Les militaires ciblés par les critiques

La lutte fut longue et la répression sanglante avant la chute de l'ancien régime. Notamment le 3 juin 2019 quand le sit-in devant le quartier général de l’armée fut violemment dispersé par des hommes armés en tenue militaire, faisant plus de 120 morts et autant de disparus. Hier, les manifestants portaient également des désirs de justice : que le gouvernement fasse la lumière sur ce massacre et que justice soit rendue pour les familles des victimes.

« Peu importe si on nous tire dessus, nous resterons debout pour nos martyrs. » Dans les slogans, sur les pancartes, de nombreux manifestants rendent hommage à leurs proches victimes de la répression. Amina Mohammed arbore un portrait de son fils sur le torse.

« Je suis la mère du martyr Abdesalam Kisha. Il est mort le 3 juin 2019 lors de l’expulsion du sit-in. Il a été assassiné. Un sniper lui a tiré dessus. Il était très courageux et très tendre. On n'a obtenu aucune réponse des autorités. Le comité chargé de l’enquête ne remplit pas sa mission. Personne n’est assez courageux pour rendre justice à nos martyrs. »

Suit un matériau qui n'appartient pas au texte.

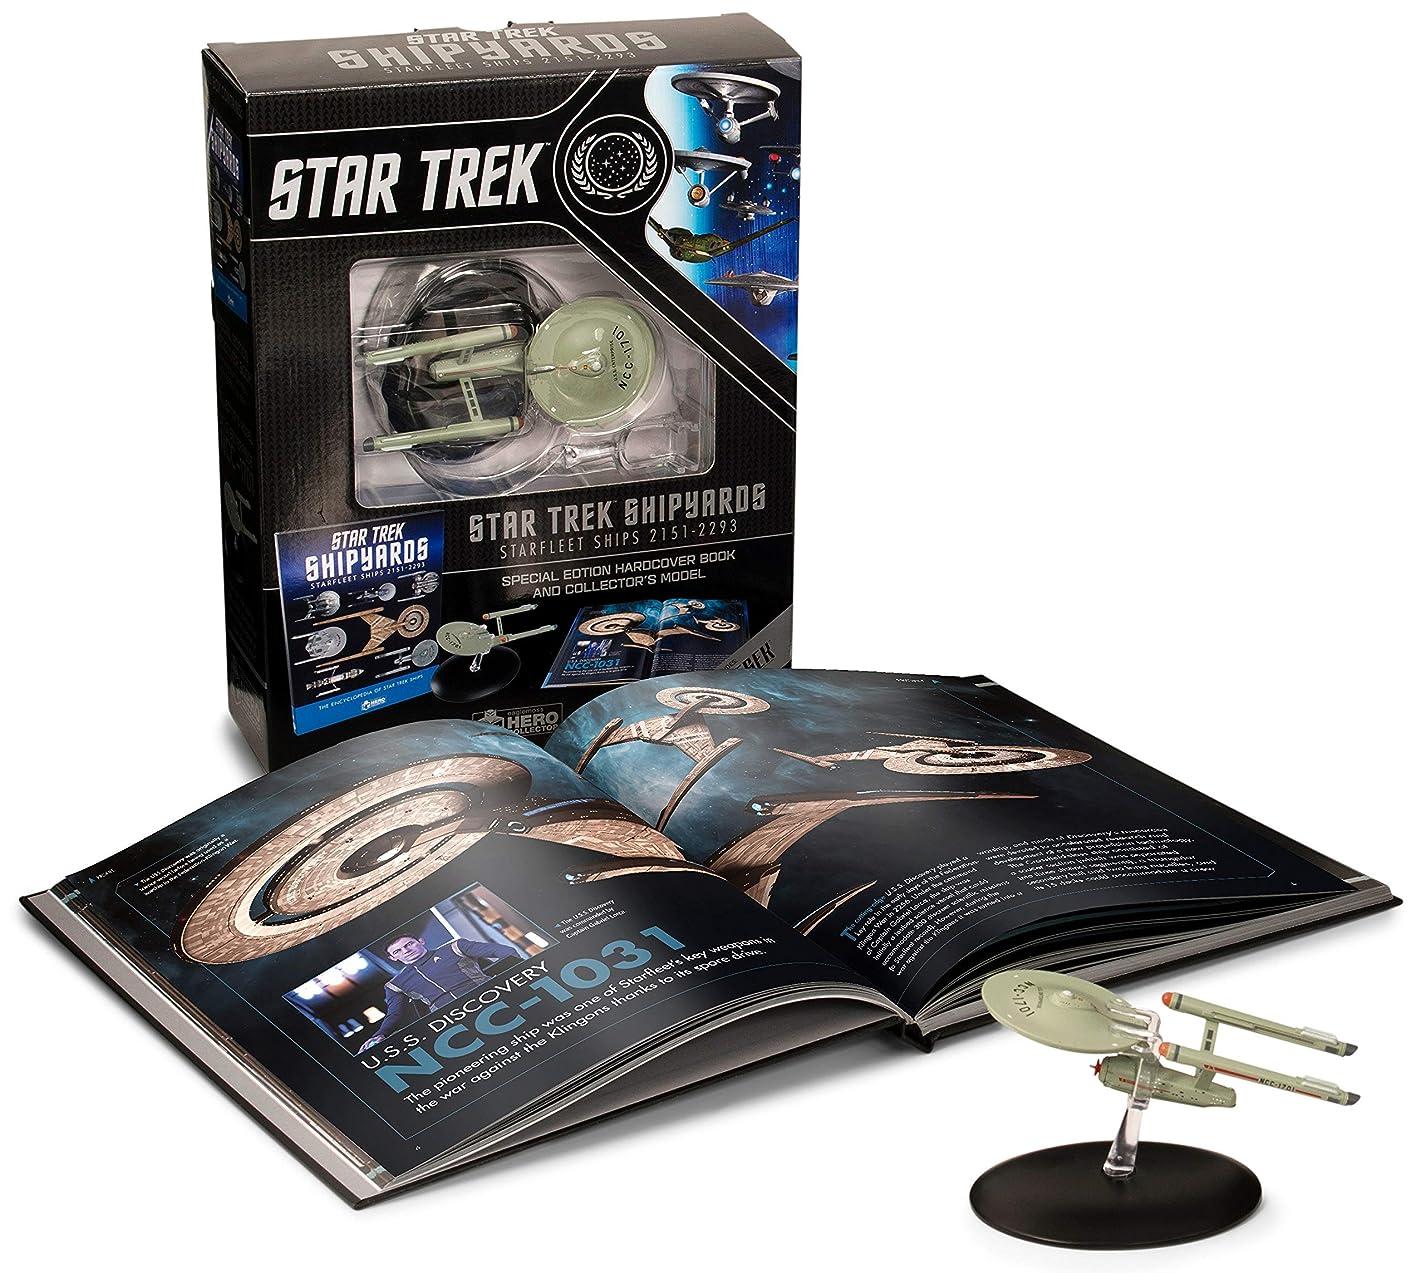 削除する錫表面Star Trek Shipyards Star Trek Starships: 2151-2293 The Encyclopedia of Starfleet Ships Plus Collectible
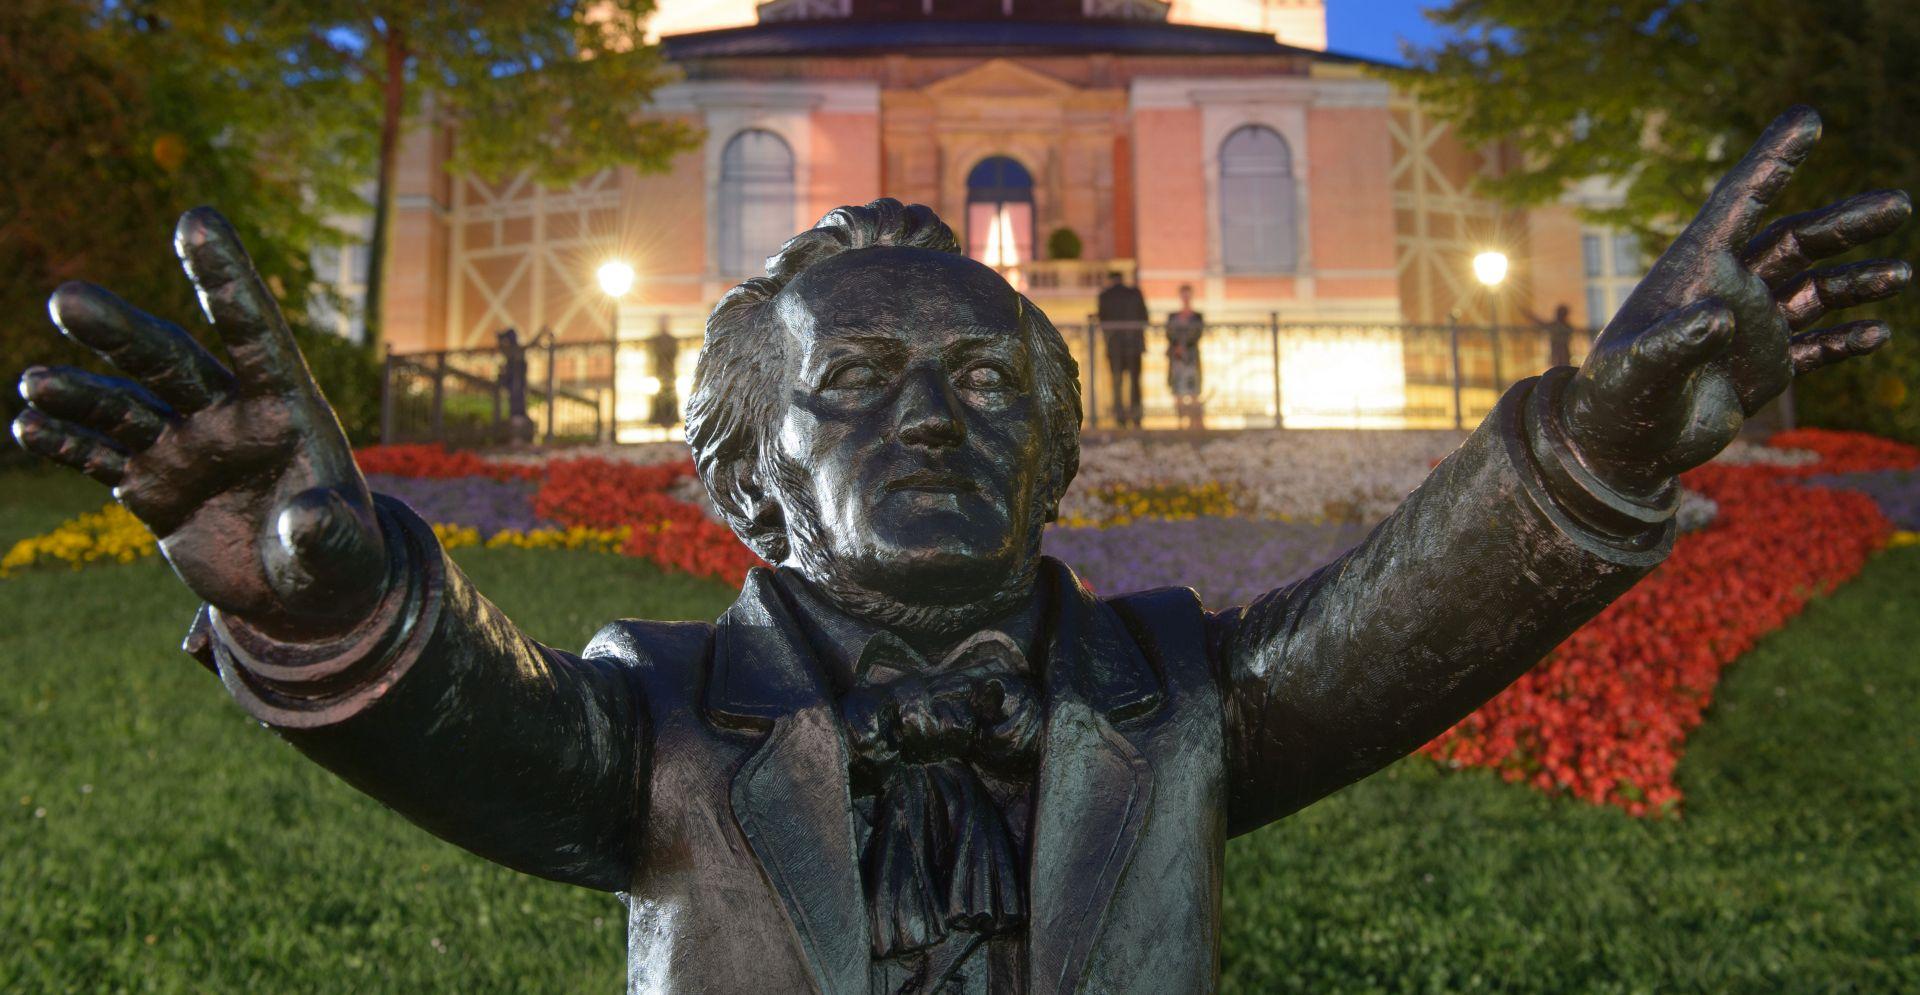 Izraelski državni radio ispričao se zbog emitiranja Wagnerove glazbe

Pour cette mère de 58 ans, les coupables sont tout trouvés. « Nous savons qui les a tués. Nous accusons le Conseil militaire, le général al-Burhane et Hemedti. Tous les soldats qui ont participé à l’expulsion du sit-in. Nos enfants étaient optimistes. Ils voulaient construire un nouveau Soudan où chaque citoyen jouirait de ses droits, protégé par la loi. Aujourd’hui je suis dans la rue. Et j’y resterait même si on me tire dessus et jusqu’à ce que le pays soit dirigé à 100% par des civils. »

Le mois dernier, une fosse commune a été découverte dans le nord de Khartoum. Le comité chargé de faire la lumière sur les crimes du 3 juin n’a toujours pas désigné de responsable. L’enquête était censée aboutir en février dernier.